The director of the forthcoming V&A East in London wants to transform the visitor experience with digital technology, to address colonialism – and to bring in young people

Gus Casely-Hayford, the V&A East’s first director, discovered art in the most tender of ways. As a young boy on a snowy day, lying beside a radiator, he watched his older brother Joseph as he drew. “I had this realisation that you could take a pencil and a pad and you could turn it into something of a whirlwind. It’s that sense of both ingenuity and possibility that I fell in love with. I’ve spent most of my career pursuing being close to that kind of excellence.”
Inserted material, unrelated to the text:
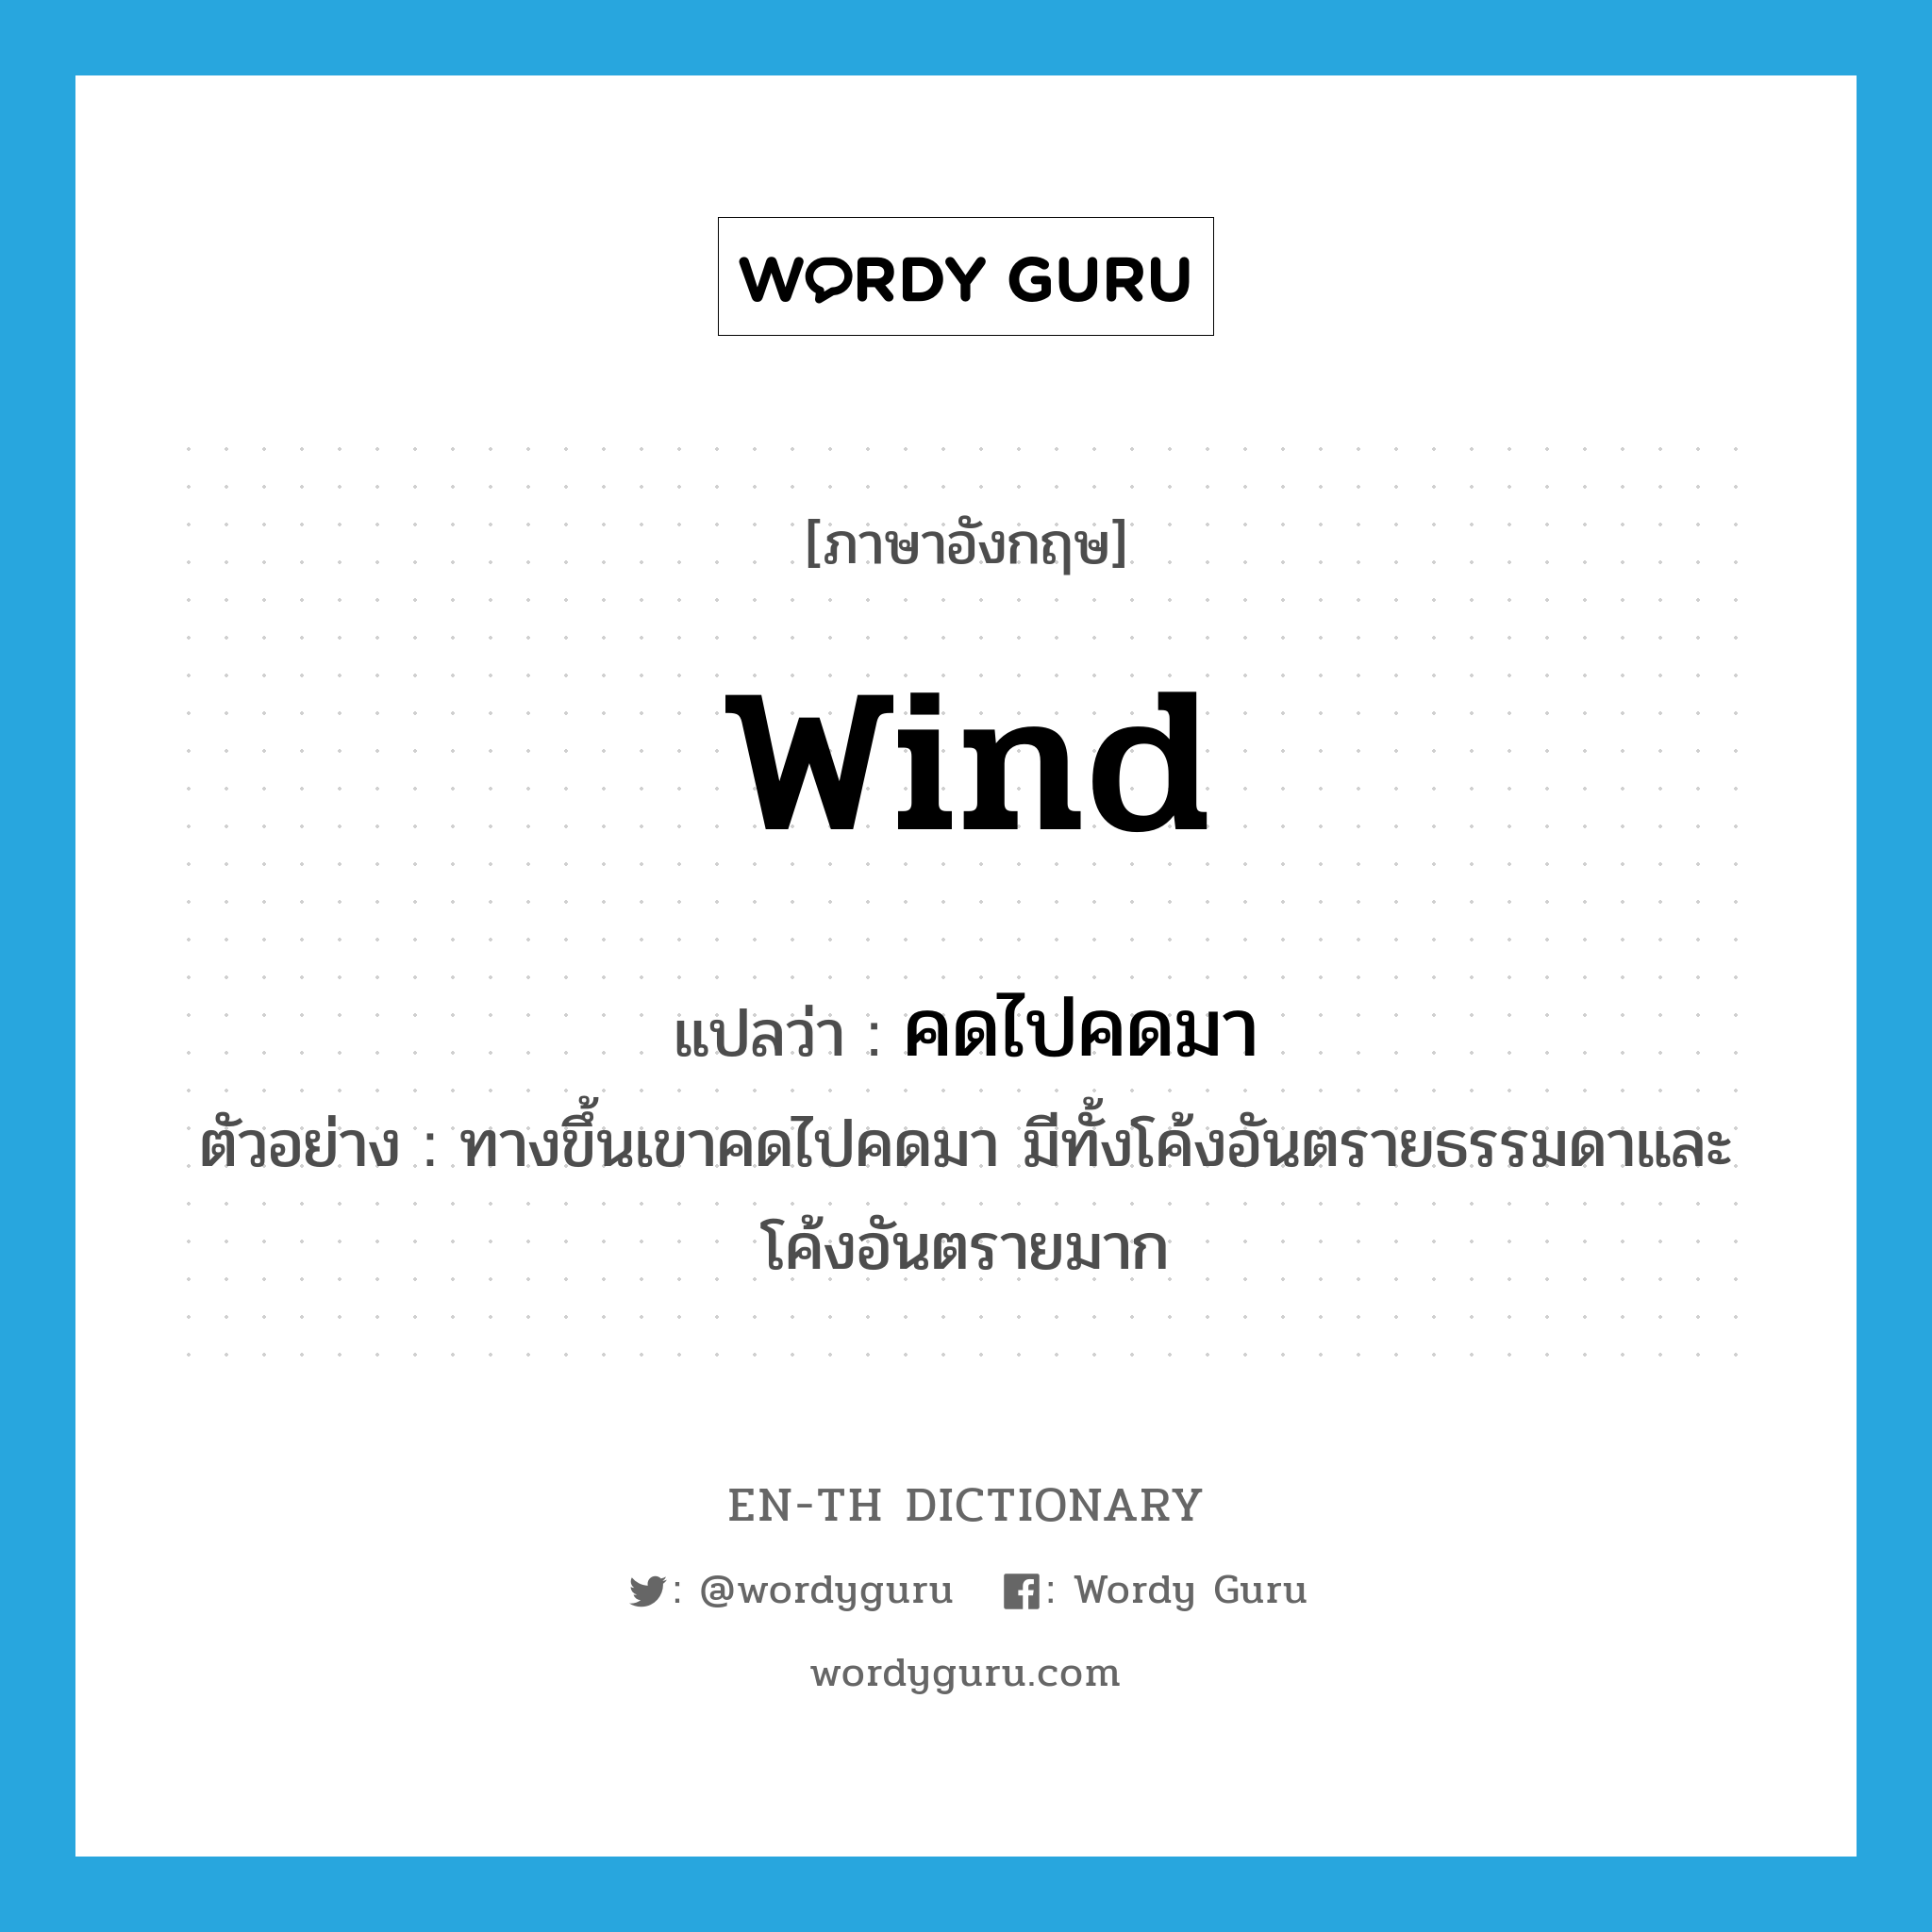 wind แปลว่า?, คำศัพท์ภาษาอังกฤษ wind แปลว่า คดไปคดมา ประเภท V ตัวอย่าง ทางขึ้นเขาคดไปคดมา มีทั้งโค้งอันตรายธรรมดาและโค้งอันตรายมาก หมวด V

How do you build those genuine and unexpected sparks of inspiration into the infrastructure of a brand new museum? It’s a question Casely-Hayford, after spending two years in America as the director of the Smithsonian’s National Museum of African Art in Washington DC, has returned to the UK to answer. He started his new post last spring leading a project to build and launch two sister sites in Queen Elizabeth Olympic Park, London: a five-storey museum at Stratford waterfront and, 10 minutes’ walk away, a four-storey collection and research centre at Here East. As V&A East, both will open in 2023 and join BBC Music, Sadler’s Wells, University College London, and the UAL’s College of Fashion as part of East Bank, the mayor’s £1.1bn creative quarter and Olympic legacy project.